Tarhoosier's post contains exactly the same info we received when we were investigating PCa tx options (all forms and combinations of RP, RT, ADT, etc) for PJD's T3 stage cancer. During consults with several respected open RP surgeons, we learned that they preferred no ADT for their patients prior to RP. The surgeons we met with indicated that ADT can make prostate and surrounding tissue more "sticky" and thus more difficult to visually & tactilely differentiate between cancerous and non-cancerous tissue, even with wide cutting margins by the most experienced and skilled tactile uro-surgeon.
Depending on overall patient health, fitness, tumor stage and prostate size, most open RP surgeries for PCa can be preformed on enlarged prostates. Some robotic RP docs will tell you its also possible to remove enlarged cancerous prostates. But what they don't tell you is they'll have to slice it in pieces first in order to fit through one of the 6 one inch incisions. Certainly opinions vary and every RP surgeon (open or robotic) has his/her own preferences, as do their patients.

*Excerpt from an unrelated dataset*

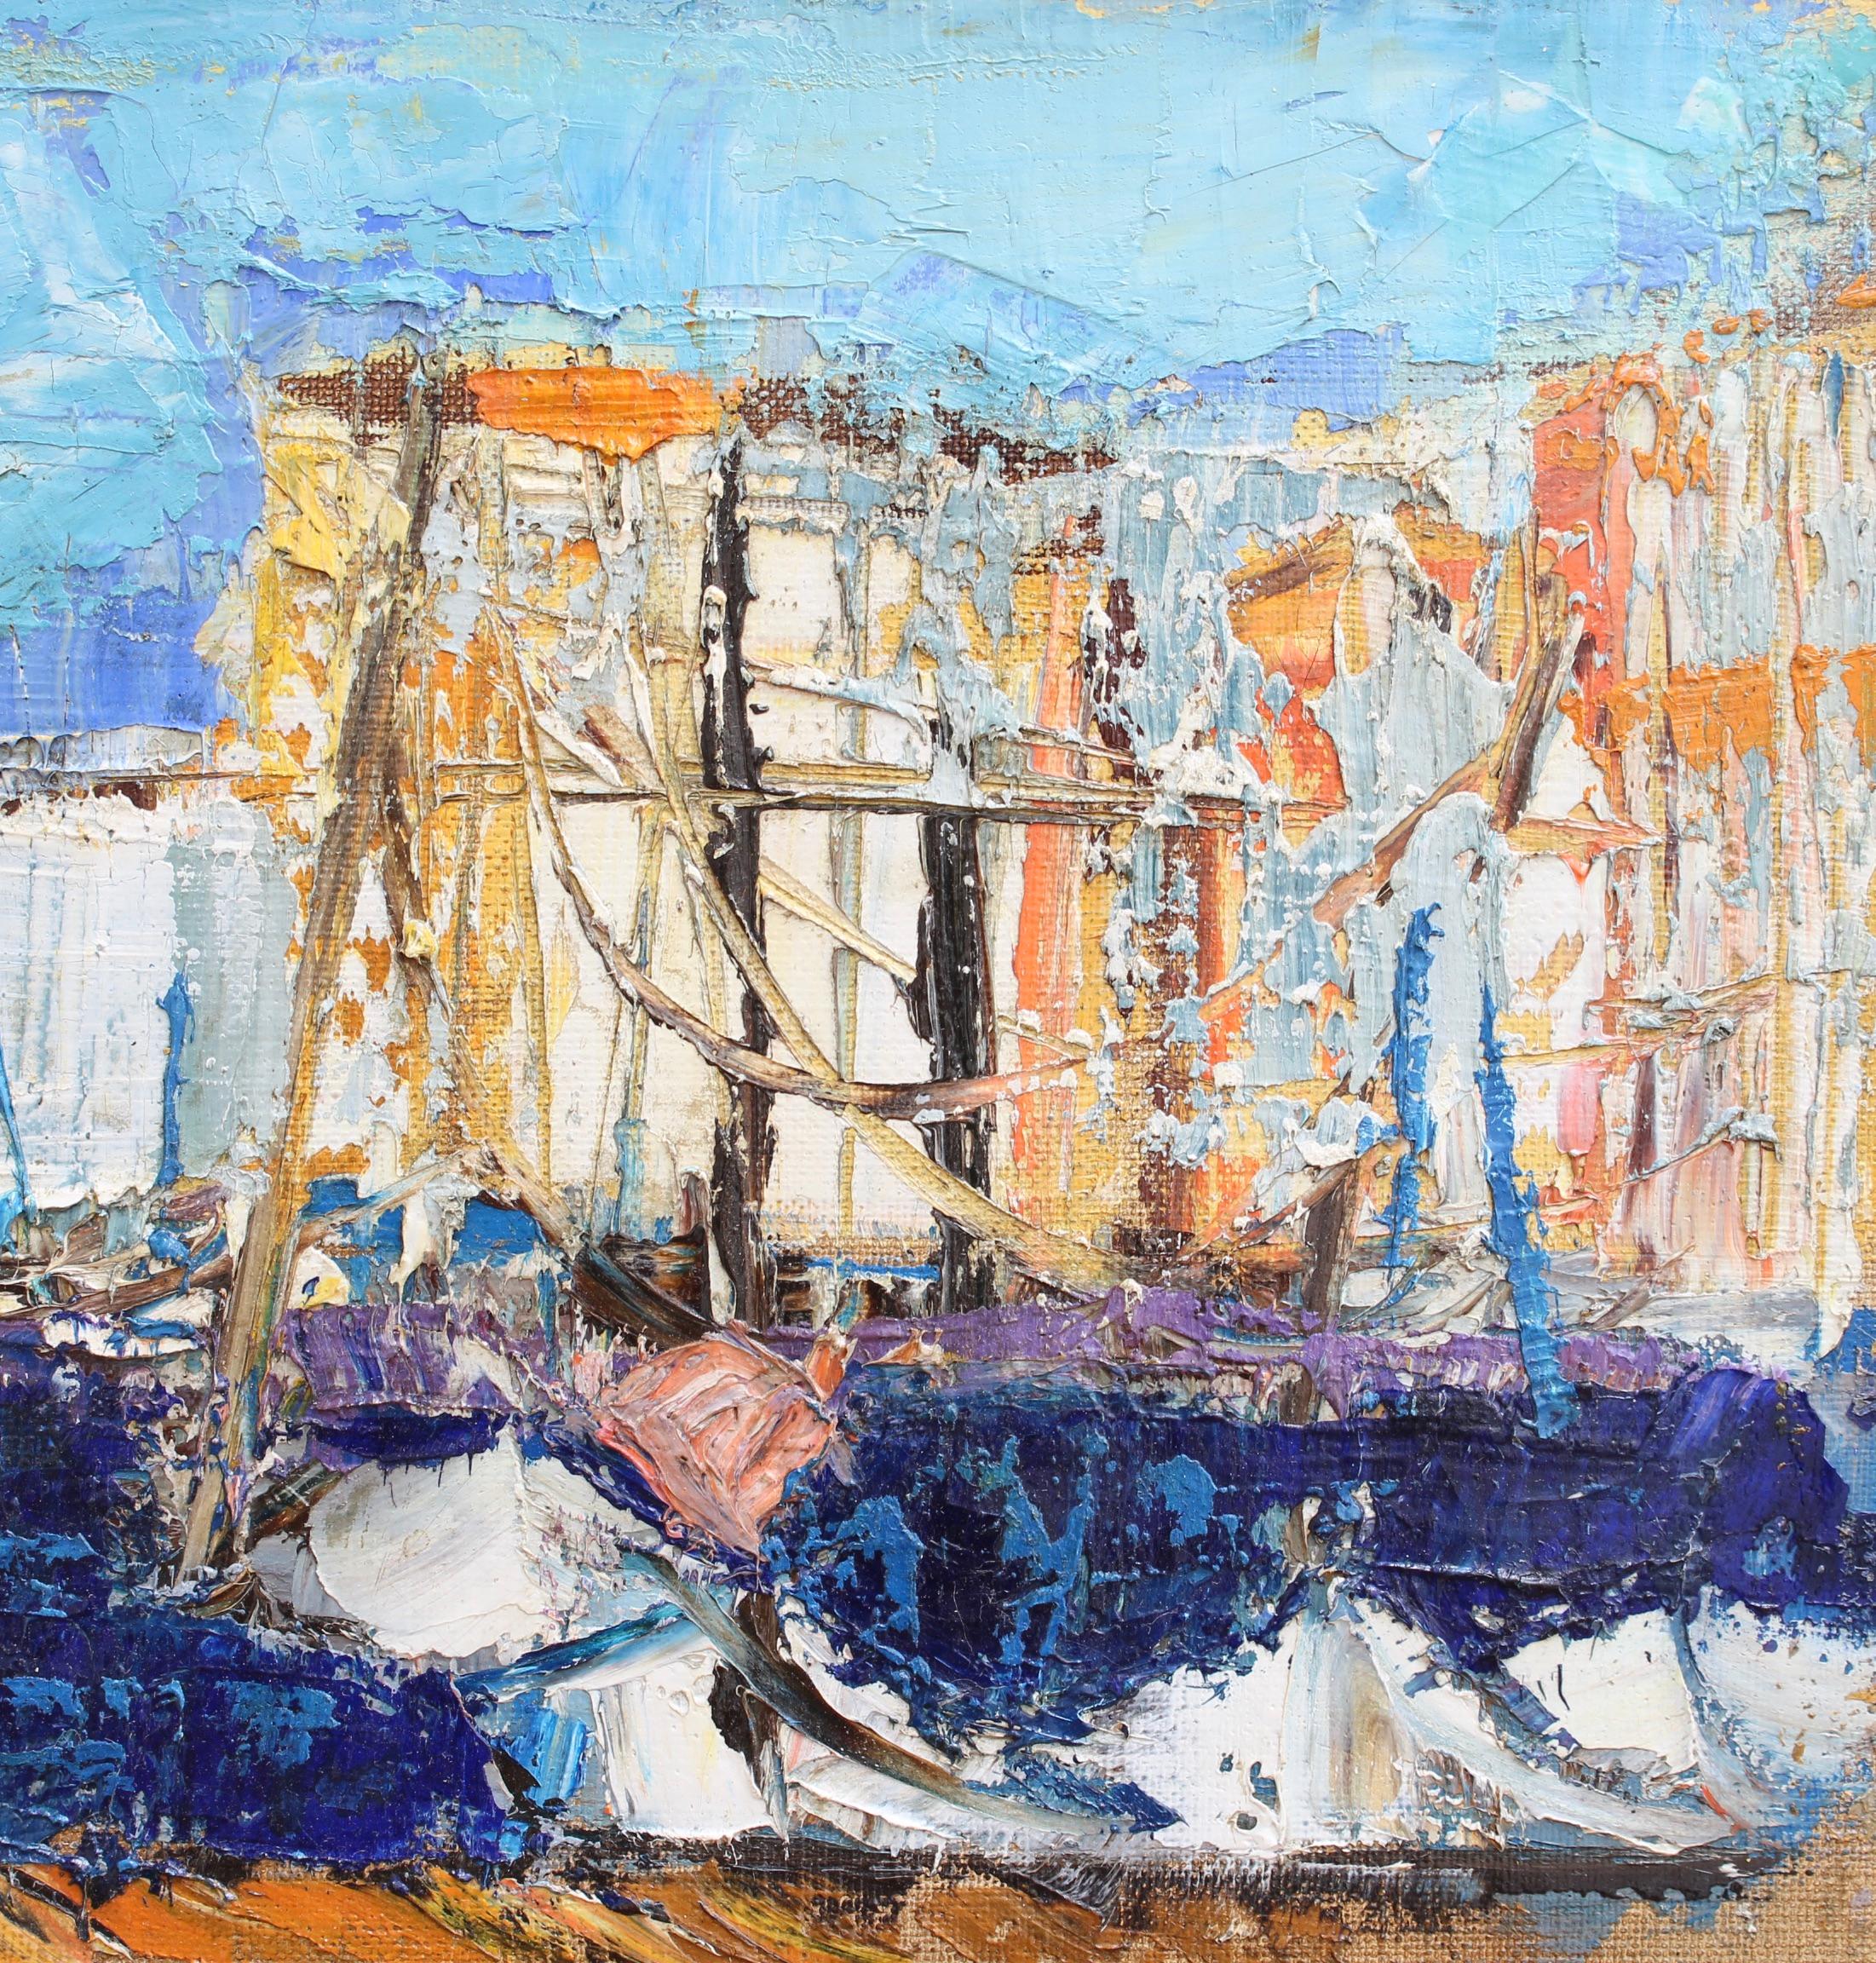 'The Old Port Marseille', oil on canvas, by Françoise Pirró (circa 1970s-80s). The way the artist employs her thick brush strokes and palette knife with vibrant colours creates an image that embodies elements of abstraction and cubism. Her

In regard to several other questions in threads by the original poster: A number of recently published peer reviewed study findings conclude that a short term protocol of ADT combined with RT, especially for intermediate/high risk stages, has "improved long-term biochemical tumor control, reduction in distant metastases and prostate cancer-related death." Here's a link to one of the latest studies related to this subject:
http://www.redjournal.org/article/S0360-3016(13)00165-X/abstract
Good luck to everyone.
mrs pjd, Wife of a T3 Stage PCa Survivor
Thanks for the info!
I am just completing four months of HT and eight weeks of RT, and I am trying to understand the therapeutic benefits of continuing HT for the next year or so. As it has been explained to me, HT shrinks/starves PC cells and makes them more susceptible to RT. Assuming the RT has been "successful" (PSA=0), what benefit would further HT produce? Or is it simply a precautionary or palliative measure?